START INPUT MATERIAL

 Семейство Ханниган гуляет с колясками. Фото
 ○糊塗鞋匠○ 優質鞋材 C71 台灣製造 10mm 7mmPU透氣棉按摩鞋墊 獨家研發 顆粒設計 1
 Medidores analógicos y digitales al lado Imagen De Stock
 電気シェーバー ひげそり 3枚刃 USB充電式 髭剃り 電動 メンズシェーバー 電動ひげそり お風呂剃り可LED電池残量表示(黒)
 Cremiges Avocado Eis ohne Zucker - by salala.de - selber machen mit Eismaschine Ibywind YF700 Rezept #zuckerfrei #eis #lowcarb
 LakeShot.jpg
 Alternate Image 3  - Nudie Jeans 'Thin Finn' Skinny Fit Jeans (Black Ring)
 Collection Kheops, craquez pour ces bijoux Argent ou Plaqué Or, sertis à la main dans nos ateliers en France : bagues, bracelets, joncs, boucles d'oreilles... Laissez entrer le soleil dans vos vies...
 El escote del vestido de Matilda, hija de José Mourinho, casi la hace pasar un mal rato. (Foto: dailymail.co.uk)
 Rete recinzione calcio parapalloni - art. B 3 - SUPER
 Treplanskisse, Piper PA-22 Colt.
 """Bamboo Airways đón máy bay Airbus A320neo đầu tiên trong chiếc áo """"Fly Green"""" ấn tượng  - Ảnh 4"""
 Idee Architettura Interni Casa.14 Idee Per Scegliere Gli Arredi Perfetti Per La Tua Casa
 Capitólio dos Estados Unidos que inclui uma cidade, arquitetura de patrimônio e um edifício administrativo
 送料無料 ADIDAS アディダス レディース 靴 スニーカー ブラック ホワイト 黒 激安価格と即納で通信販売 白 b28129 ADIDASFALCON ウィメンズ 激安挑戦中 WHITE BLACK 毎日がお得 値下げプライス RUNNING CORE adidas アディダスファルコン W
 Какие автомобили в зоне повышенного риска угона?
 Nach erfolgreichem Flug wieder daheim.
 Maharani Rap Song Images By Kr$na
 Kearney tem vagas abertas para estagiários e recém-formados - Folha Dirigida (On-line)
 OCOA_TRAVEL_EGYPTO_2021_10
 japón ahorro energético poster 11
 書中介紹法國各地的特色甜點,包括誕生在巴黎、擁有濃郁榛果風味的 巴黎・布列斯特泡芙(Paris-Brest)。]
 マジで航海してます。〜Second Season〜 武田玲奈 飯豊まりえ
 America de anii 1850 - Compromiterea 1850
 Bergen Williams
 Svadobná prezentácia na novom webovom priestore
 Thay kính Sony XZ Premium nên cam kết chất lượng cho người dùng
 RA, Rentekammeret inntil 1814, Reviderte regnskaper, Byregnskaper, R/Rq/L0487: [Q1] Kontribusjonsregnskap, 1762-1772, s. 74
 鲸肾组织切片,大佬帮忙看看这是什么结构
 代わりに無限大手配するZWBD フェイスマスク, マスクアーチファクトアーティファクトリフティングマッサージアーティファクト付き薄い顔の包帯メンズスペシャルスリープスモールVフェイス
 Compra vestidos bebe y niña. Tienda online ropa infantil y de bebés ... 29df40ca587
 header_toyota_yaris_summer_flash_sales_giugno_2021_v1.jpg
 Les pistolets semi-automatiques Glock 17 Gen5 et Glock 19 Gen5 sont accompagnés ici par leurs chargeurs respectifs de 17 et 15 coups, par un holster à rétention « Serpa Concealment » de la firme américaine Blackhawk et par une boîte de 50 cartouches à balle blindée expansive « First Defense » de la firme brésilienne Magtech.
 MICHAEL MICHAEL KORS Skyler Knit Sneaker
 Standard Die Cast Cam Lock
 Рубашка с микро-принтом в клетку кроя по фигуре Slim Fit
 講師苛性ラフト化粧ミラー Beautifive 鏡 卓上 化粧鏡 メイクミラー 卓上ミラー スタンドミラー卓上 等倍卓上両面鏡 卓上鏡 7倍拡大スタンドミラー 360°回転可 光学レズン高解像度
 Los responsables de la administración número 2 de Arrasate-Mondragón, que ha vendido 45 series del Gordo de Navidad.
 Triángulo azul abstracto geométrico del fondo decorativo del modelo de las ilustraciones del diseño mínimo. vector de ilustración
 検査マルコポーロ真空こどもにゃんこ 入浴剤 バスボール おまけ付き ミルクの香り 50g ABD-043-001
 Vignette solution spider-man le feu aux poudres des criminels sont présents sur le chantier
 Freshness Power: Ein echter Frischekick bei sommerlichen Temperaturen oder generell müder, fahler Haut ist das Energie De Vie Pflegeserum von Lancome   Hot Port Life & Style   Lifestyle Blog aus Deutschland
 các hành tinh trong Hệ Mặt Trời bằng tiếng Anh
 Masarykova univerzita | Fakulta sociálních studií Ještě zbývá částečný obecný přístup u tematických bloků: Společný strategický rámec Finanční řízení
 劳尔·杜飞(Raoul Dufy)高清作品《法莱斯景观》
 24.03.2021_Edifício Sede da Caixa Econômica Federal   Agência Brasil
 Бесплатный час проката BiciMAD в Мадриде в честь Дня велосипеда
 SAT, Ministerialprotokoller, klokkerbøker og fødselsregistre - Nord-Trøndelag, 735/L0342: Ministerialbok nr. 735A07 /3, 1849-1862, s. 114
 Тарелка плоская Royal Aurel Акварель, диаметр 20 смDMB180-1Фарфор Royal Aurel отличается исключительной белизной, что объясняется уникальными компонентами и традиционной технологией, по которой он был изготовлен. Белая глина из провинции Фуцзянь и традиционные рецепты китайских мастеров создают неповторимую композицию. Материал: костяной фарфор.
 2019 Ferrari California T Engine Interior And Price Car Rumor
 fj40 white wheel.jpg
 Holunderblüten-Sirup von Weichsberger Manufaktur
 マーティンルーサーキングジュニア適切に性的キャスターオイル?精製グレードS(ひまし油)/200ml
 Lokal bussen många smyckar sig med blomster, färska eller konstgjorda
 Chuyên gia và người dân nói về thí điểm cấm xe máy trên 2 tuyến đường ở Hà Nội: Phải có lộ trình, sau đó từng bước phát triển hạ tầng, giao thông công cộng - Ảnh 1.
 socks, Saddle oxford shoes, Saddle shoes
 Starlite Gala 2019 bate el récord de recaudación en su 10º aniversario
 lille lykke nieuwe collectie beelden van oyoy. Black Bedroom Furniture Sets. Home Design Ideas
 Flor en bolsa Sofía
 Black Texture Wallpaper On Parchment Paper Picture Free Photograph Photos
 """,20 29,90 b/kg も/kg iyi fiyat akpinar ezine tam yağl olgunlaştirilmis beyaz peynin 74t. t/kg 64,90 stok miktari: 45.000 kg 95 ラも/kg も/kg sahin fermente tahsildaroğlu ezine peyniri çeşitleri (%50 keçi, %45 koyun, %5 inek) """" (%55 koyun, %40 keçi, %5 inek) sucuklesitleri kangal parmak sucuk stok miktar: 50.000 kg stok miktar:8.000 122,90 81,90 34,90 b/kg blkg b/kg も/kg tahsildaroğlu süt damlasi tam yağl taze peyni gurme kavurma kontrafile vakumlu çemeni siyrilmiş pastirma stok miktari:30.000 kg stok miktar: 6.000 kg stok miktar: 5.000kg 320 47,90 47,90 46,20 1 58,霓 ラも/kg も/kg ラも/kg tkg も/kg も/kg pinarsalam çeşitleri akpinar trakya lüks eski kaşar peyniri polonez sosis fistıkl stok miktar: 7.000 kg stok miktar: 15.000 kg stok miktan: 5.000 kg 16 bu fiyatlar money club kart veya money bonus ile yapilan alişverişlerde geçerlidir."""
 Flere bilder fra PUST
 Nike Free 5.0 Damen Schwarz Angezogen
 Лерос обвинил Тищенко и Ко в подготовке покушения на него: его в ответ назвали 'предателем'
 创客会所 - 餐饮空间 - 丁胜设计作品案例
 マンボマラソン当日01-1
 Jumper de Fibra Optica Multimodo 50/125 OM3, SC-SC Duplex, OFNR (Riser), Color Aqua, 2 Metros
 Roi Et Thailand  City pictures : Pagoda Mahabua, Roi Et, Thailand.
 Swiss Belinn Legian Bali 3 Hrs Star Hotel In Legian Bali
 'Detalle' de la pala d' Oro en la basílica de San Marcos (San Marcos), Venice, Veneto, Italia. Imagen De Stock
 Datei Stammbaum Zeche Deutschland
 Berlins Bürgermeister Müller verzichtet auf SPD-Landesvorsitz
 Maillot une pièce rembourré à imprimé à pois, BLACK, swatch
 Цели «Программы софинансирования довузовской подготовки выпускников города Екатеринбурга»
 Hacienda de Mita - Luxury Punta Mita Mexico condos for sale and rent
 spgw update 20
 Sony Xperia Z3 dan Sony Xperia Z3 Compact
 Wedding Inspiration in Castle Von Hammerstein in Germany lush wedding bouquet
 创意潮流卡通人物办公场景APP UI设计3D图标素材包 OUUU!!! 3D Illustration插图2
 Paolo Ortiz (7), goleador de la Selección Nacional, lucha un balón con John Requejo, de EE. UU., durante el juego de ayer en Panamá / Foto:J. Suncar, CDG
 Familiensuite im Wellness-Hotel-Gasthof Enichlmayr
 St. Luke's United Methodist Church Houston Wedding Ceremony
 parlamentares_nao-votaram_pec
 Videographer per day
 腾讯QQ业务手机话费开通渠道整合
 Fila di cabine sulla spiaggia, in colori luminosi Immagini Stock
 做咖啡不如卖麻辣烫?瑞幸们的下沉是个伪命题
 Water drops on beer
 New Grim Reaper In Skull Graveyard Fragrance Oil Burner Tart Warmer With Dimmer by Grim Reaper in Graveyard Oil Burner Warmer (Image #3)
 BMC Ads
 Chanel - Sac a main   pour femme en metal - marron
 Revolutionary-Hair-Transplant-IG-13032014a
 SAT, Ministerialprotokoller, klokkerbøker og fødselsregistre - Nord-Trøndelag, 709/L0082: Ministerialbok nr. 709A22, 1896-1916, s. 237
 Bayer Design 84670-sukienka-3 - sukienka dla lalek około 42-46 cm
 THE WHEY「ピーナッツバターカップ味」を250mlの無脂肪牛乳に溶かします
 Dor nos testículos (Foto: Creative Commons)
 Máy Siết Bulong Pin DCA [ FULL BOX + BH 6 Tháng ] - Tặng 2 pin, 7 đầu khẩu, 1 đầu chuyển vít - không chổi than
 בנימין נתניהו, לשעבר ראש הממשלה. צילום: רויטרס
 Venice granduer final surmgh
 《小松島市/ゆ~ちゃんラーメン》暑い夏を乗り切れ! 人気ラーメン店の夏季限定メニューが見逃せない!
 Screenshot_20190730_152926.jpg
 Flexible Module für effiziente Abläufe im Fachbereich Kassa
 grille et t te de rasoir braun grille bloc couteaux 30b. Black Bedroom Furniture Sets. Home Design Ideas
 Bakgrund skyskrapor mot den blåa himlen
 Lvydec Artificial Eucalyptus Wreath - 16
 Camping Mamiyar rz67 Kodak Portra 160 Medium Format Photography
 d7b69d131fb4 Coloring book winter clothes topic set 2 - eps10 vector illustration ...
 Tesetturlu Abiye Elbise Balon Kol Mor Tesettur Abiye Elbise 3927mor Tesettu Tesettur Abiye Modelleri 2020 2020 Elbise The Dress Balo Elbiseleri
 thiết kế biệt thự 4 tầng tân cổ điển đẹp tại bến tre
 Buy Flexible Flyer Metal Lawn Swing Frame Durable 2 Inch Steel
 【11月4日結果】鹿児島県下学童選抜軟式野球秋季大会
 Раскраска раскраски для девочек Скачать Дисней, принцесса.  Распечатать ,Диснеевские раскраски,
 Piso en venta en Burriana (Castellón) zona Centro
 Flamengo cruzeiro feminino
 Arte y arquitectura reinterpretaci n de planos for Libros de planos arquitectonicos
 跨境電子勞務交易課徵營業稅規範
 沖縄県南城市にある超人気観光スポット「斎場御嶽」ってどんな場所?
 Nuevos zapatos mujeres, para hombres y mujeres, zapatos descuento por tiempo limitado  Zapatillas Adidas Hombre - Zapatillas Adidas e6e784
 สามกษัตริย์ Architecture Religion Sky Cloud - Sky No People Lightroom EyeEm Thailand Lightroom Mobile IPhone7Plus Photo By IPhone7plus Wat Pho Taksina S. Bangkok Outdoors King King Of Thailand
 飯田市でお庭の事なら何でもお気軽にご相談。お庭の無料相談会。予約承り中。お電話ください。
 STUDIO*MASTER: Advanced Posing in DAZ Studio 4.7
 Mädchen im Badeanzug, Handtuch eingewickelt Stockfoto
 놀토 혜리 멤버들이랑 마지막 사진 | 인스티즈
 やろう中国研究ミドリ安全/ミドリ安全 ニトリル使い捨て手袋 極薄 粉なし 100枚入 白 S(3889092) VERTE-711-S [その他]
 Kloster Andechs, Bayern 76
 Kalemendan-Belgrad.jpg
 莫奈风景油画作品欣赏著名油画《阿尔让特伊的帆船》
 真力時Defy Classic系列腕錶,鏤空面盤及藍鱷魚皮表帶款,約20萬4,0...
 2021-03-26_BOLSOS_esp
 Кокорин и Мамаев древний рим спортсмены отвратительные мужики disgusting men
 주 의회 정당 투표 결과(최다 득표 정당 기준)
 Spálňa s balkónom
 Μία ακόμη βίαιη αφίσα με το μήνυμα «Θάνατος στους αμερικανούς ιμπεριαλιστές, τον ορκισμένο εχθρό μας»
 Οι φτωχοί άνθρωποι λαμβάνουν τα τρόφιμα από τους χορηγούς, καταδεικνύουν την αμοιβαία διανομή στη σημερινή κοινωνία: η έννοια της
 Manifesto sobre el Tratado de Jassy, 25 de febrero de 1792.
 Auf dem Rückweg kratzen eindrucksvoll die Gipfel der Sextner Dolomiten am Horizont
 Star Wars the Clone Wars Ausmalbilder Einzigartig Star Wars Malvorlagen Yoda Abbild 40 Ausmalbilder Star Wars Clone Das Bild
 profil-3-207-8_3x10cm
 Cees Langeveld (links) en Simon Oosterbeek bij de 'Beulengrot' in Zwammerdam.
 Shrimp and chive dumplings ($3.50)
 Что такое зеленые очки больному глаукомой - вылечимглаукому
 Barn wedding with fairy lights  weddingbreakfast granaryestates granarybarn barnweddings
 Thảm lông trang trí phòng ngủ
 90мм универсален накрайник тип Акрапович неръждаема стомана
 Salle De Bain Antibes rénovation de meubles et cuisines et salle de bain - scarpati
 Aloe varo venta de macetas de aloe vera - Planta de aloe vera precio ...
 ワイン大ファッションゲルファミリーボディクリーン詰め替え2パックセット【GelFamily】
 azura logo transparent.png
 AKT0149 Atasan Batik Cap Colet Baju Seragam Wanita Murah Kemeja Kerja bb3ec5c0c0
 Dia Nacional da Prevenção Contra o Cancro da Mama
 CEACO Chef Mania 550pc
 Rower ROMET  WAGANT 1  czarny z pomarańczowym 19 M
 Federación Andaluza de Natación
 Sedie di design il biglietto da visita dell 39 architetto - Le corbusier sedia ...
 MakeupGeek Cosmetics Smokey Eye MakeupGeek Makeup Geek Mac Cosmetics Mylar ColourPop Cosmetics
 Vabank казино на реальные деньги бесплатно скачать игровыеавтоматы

END INPUT MATERIAL

ACTIVITY: Set down, from the entries above, exactly the lines from the one with "マジで航海してます。〜Second Season〜 武田玲奈 飯豊まりえ" up to and including the one with "header_toyota_yaris_summer_flash_sales_giugno_2021_v1.jpg", and no other lines.

SOLUTION FOR THIS EXERCISE:
 マジで航海してます。〜Second Season〜 武田玲奈 飯豊まりえ
 America de anii 1850 - Compromiterea 1850
 Bergen Williams
 Svadobná prezentácia na novom webovom priestore
 Thay kính Sony XZ Premium nên cam kết chất lượng cho người dùng
 RA, Rentekammeret inntil 1814, Reviderte regnskaper, Byregnskaper, R/Rq/L0487: [Q1] Kontribusjonsregnskap, 1762-1772, s. 74
 鲸肾组织切片,大佬帮忙看看这是什么结构
 代わりに無限大手配するZWBD フェイスマスク, マスクアーチファクトアーティファクトリフティングマッサージアーティファクト付き薄い顔の包帯メンズスペシャルスリープスモールVフェイス
 Compra vestidos bebe y niña. Tienda online ropa infantil y de bebés ... 29df40ca587
 header_toyota_yaris_summer_flash_sales_giugno_2021_v1.jpg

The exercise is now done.